For those of us in queer media (sorry, I guess I do have energy for a couple) aka as the arts it’s been a rough one. I have this running joke about how my artistic practice is almost exclusively introductory essays at this point, which is to say there’s not much space to be or feel generatively creative. Instead, I’ve spent 2024 hustling. I was freelancing for most of the year and trying to balance bringing in cheques with keeping bad apple going in an increasingly hostile arts environment (The Pantograph Punch you will always be famous to me). For the first time in almost three years, we’re taking a ‘break’. Submissions are formally closed until February 2025 and I’m going to spend my summer making my way through the to-be-read pile.
As a workaholic, obviously, I’m not content with just fully disappearing and leaving the site stagnant as the year comes to a close, however. So let’s do a little reflecting on bad apple’s 2024.
The year started off hot with The Showcase at Basement Theatre—25 queer poets over five nights for Auckland Pride in February. Our Wellington Pride Festival offering ‘PRISM POETRY’, curated and managed by Kate Aschoff at Enjoy Contemporary Art Space, followed in March. We also went to the deep south and took on Dunedin Fringe, broadening the geographical scope of our offering.
bad apple’s partner press, Āporo Press, released its second publication in May—Marrow & Other Stories by Sloane Hong. As a long-time collaborator and one of the founding members of bad apple it was a real privilege to bring the collection of Sloane’s comics into the physical realm.
In June we had our first official collaboration with sybs candles, releasing the “tasty n tart” RIPE with a cute little hang-out at Open Late. They flew off the metaphorical shelves and left folks across the country begging for more! If you managed to snag one and kept it unlit then you could probably sell it for $10 more than what you bought it for. In this economy, I’d say go for it, babe.

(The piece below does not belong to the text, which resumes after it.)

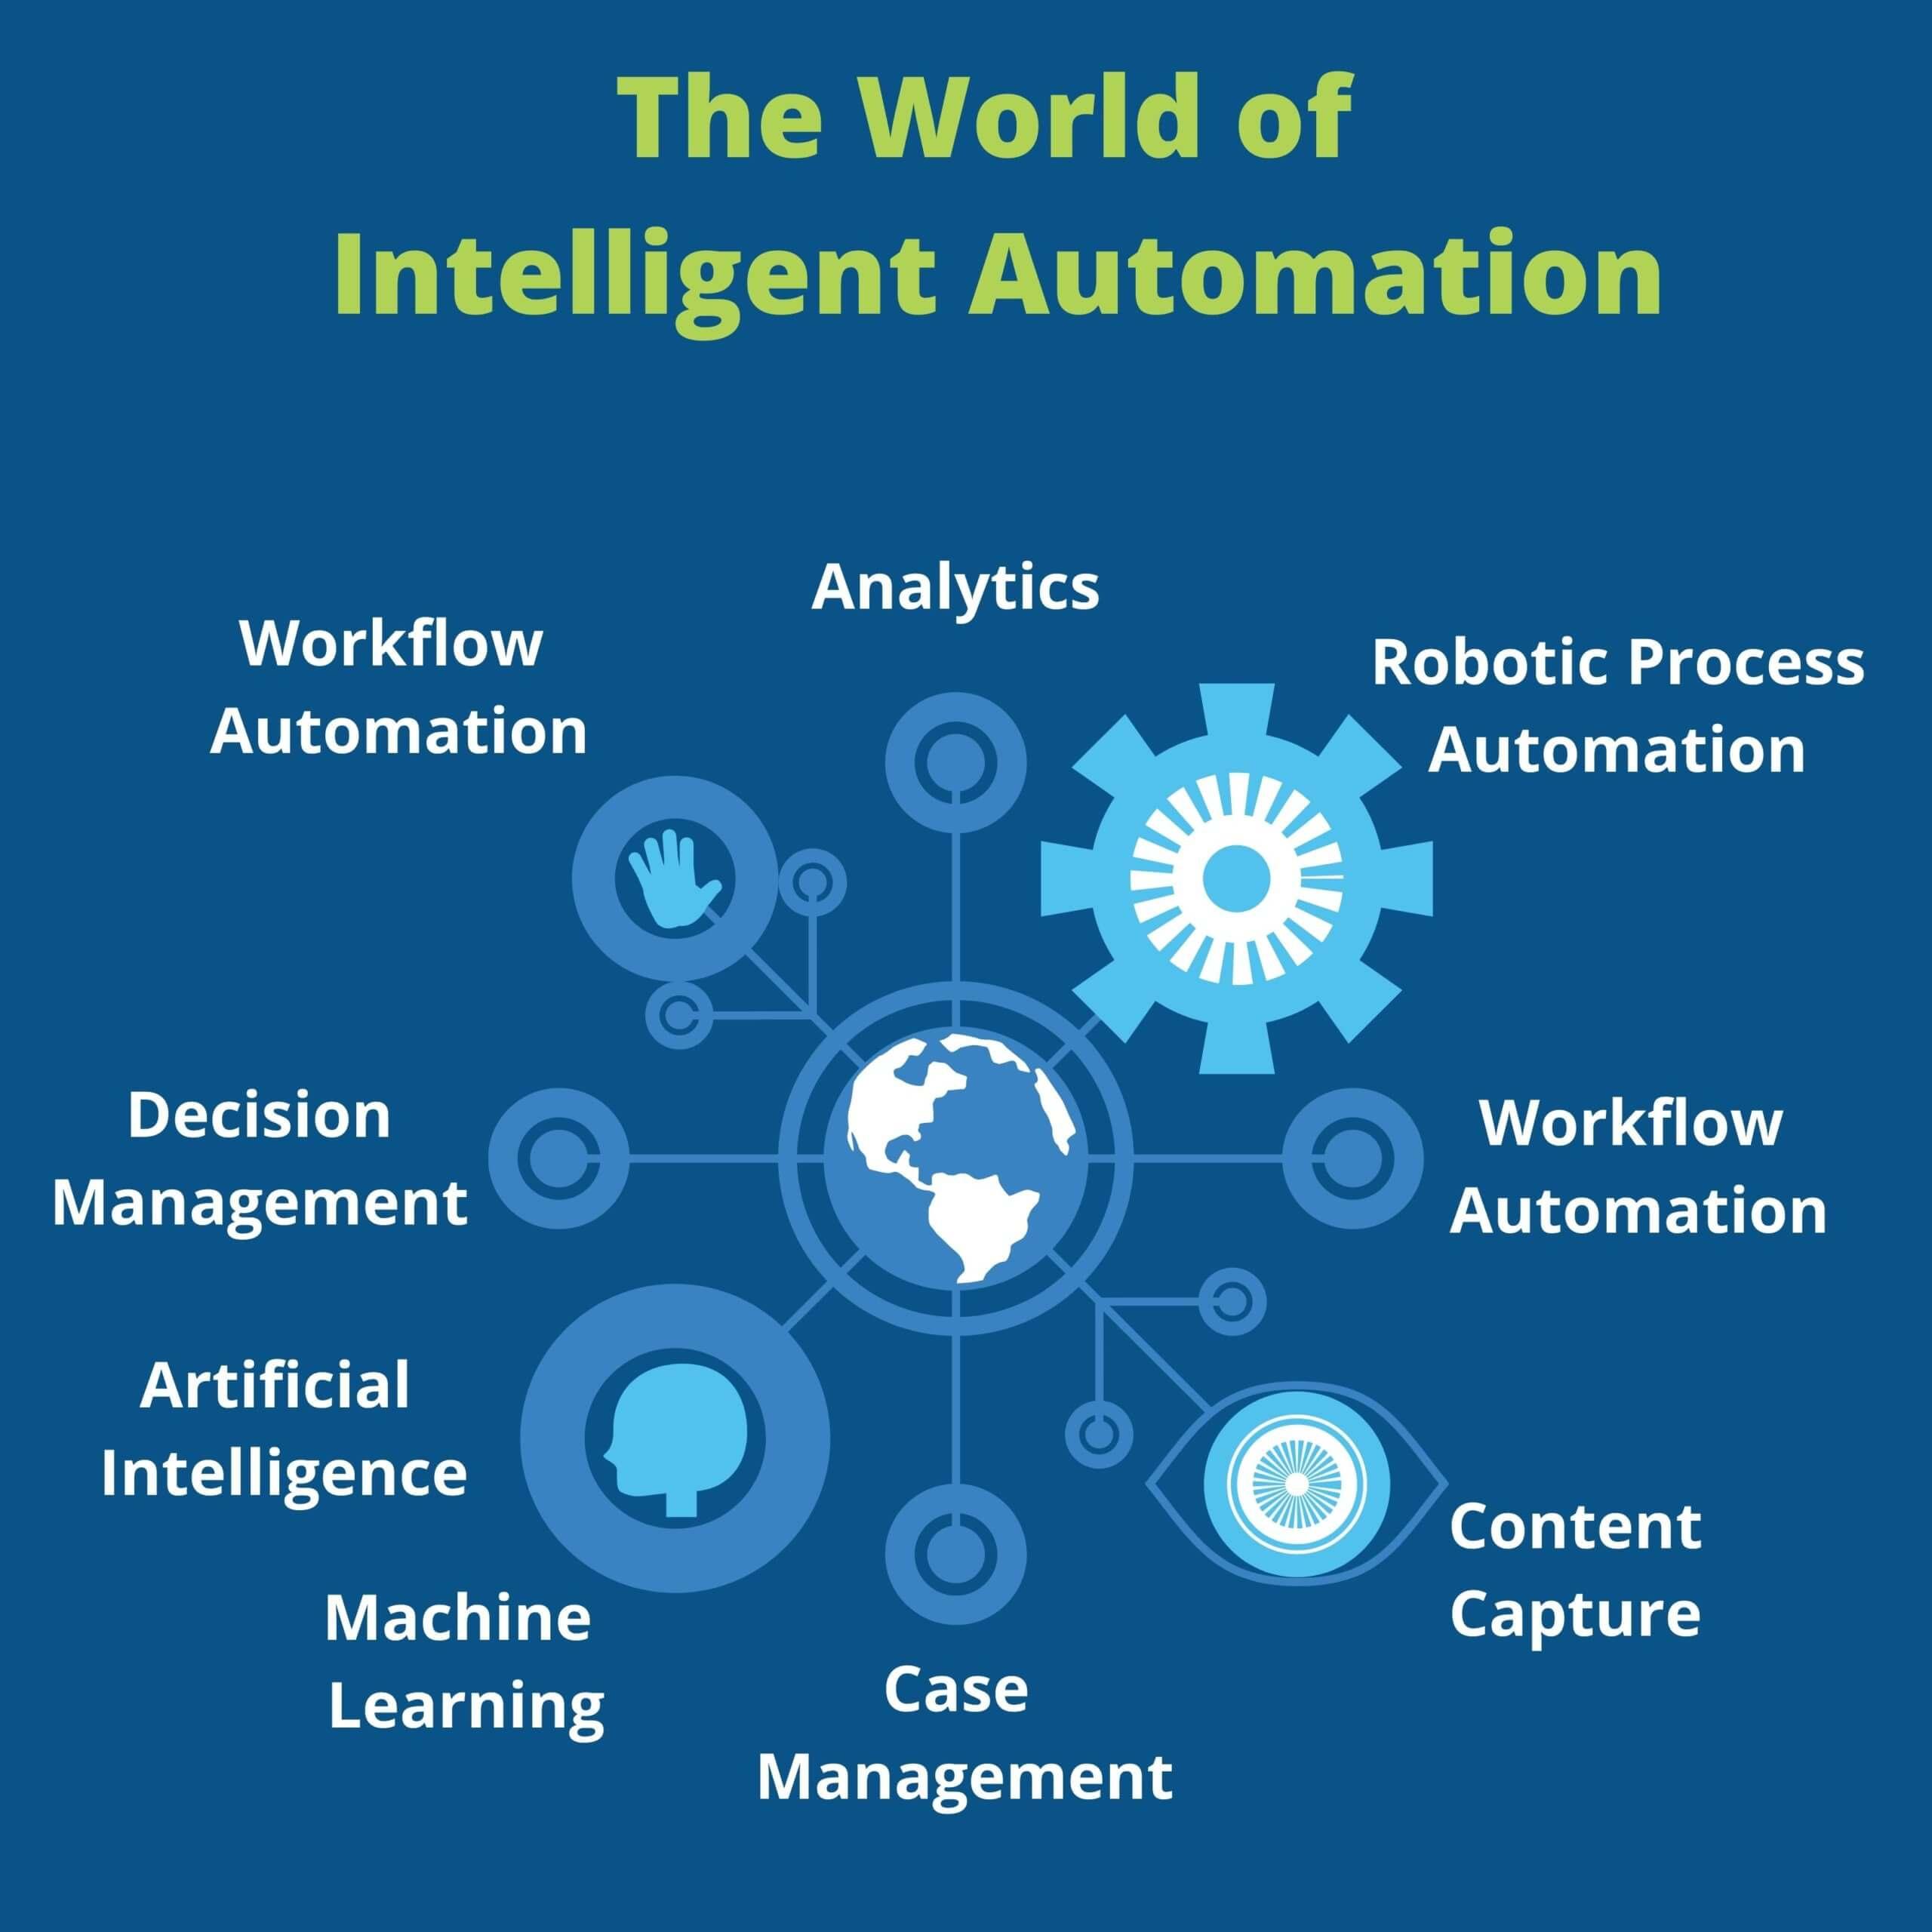 world of intelligent automation graphic image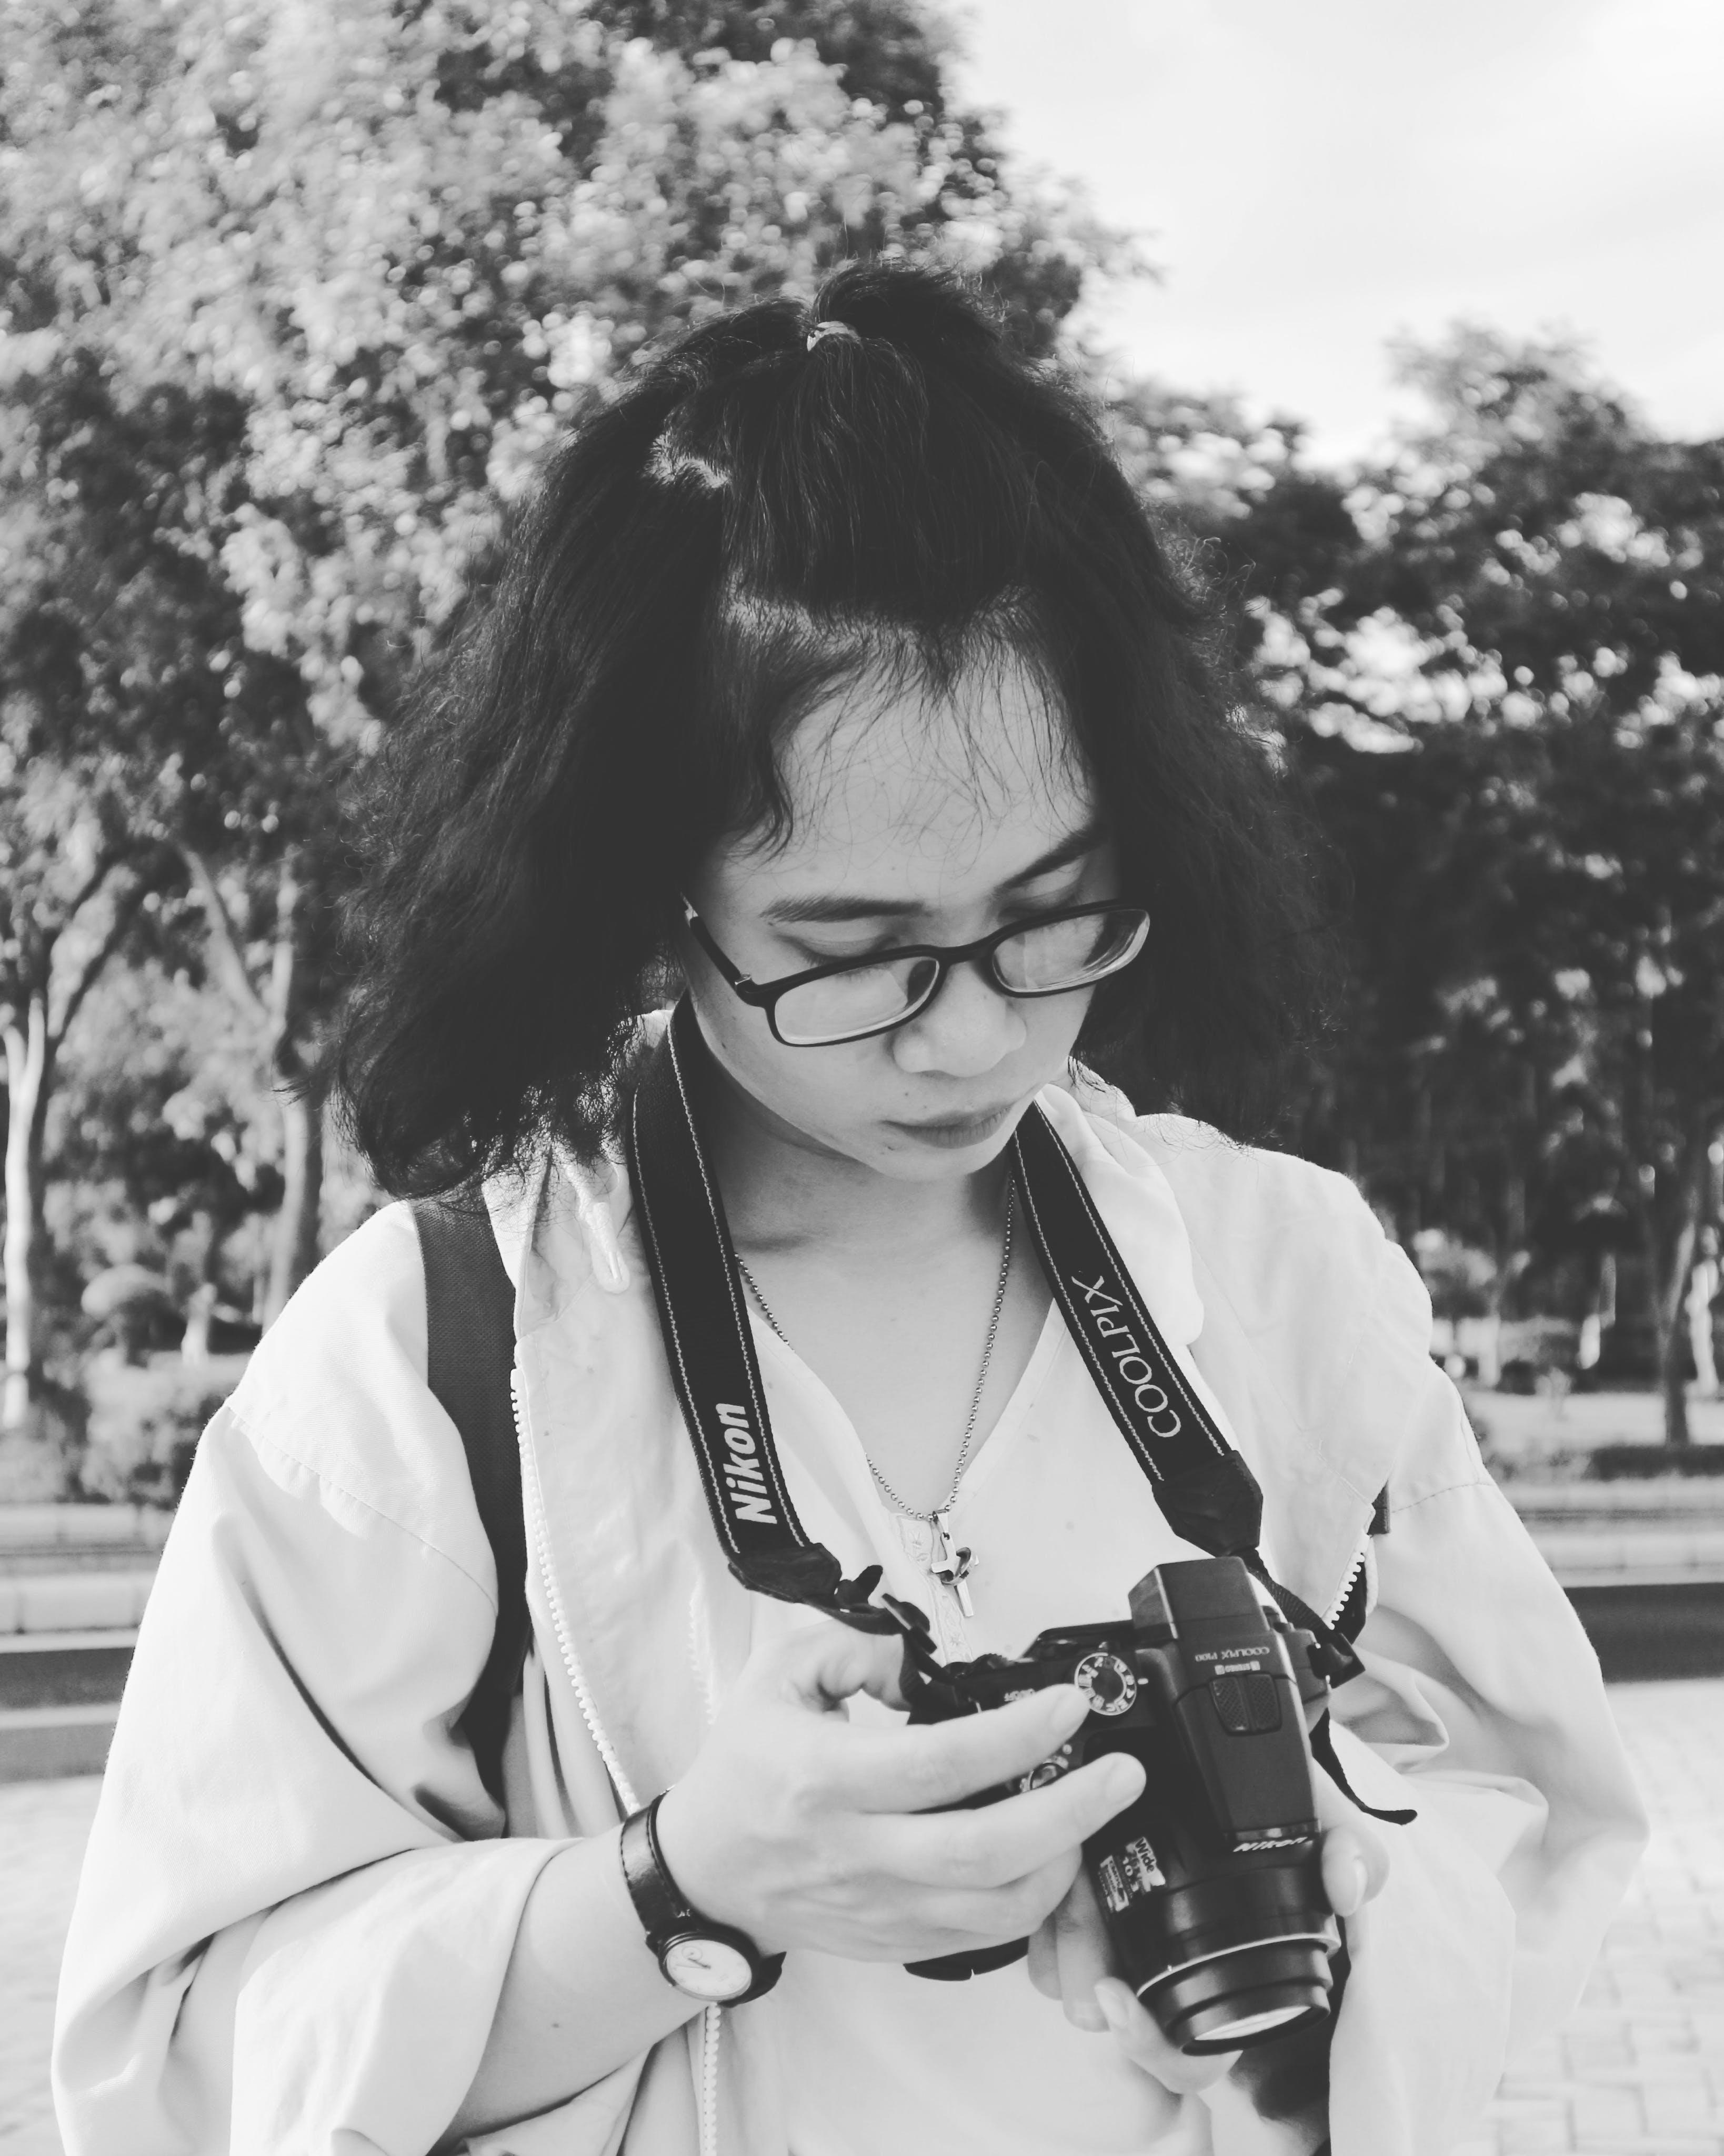 Grayscale Photo of Woman Holding Black Nikon Coolpix Dslr Camera

Through the mid-year, we had lots of steady response writing, primarily for shows at our favourite venue in Auckland, Basement Theatre. Speaking of which, in July Basement hosted us for an incredibly special Matariki offering. To reflect the online collection future ANCESTORS, asking queer Māori and Pasifika “What kind of ancestor do you want to be?”, we held a three-night mini-festival of conversation, poetry and performance.
August is always the biggest month for bad apple and we kicked it off by launching a new zine publication in collaboration with Gus Fisher Gallery. A Blind Kind of Violence asked five creatives to respond to the work Derek Jarman: Delphinium Days exhibition—the first time Jarman’s work has been exhibited this way in Aotearoa.
I went to Ōtepoti for the first time as bad apple and Āporo Press in August for Small Press Fest. It was fantastic to engage with so many other independent publishers as there are very few opportunities where we get to come together. Big props to Frances for organising and inviting me down! I did a panel discussion ‘The politics of being small’ with Emma Ng and Murdoch Stevens hosted by Jennifer Cheuk. There are clips somewhere but I will not be sharing haha.
August never ends! For National Poetry Day, we continued our annual open-entry collection, this time themed as ‘the bad apple mixtape’—poems that respond to music. We published 38 poems and held a live event in Pōneke at Enjoy Contemporary Art Space. They’ve been supporters for years now and I had the rare chance to be there in person this year! Although the event came together quite hectically in a short amount of time it was a wonderful evening with many fresh bad apple faces.
September and October settled into a comfortable rhythm of submissions and response writing as behind the scenes I geared up for Verb Readers and Writers Festival 2024 in November. This was my second year as a programmer and you know I made sure to sneak in a bad apple event. We brought future ANCESTORS to the capital for a panel talk, ‘LGBTQ+ Lineages’, hosted by Sinead Overbye and featuring Rangimarie Sophie Jolley and Herbee Bartley.
December was technically supposed to be the start of the bad apple hiatus but to quote harold coutts:
So, this month, we’ve published our ‘adjectives.’ collection of work responding to writing by New Zealand writers, debuted a fund-raising zine Fruit Basket collecting work published online, launched another sybs candle collaboration with ‘FRUIT ROT’ and hawked wares at the Basement Silly Season market including a stunning ‘FRUIT’ t-shirt designed by Sloane Hong.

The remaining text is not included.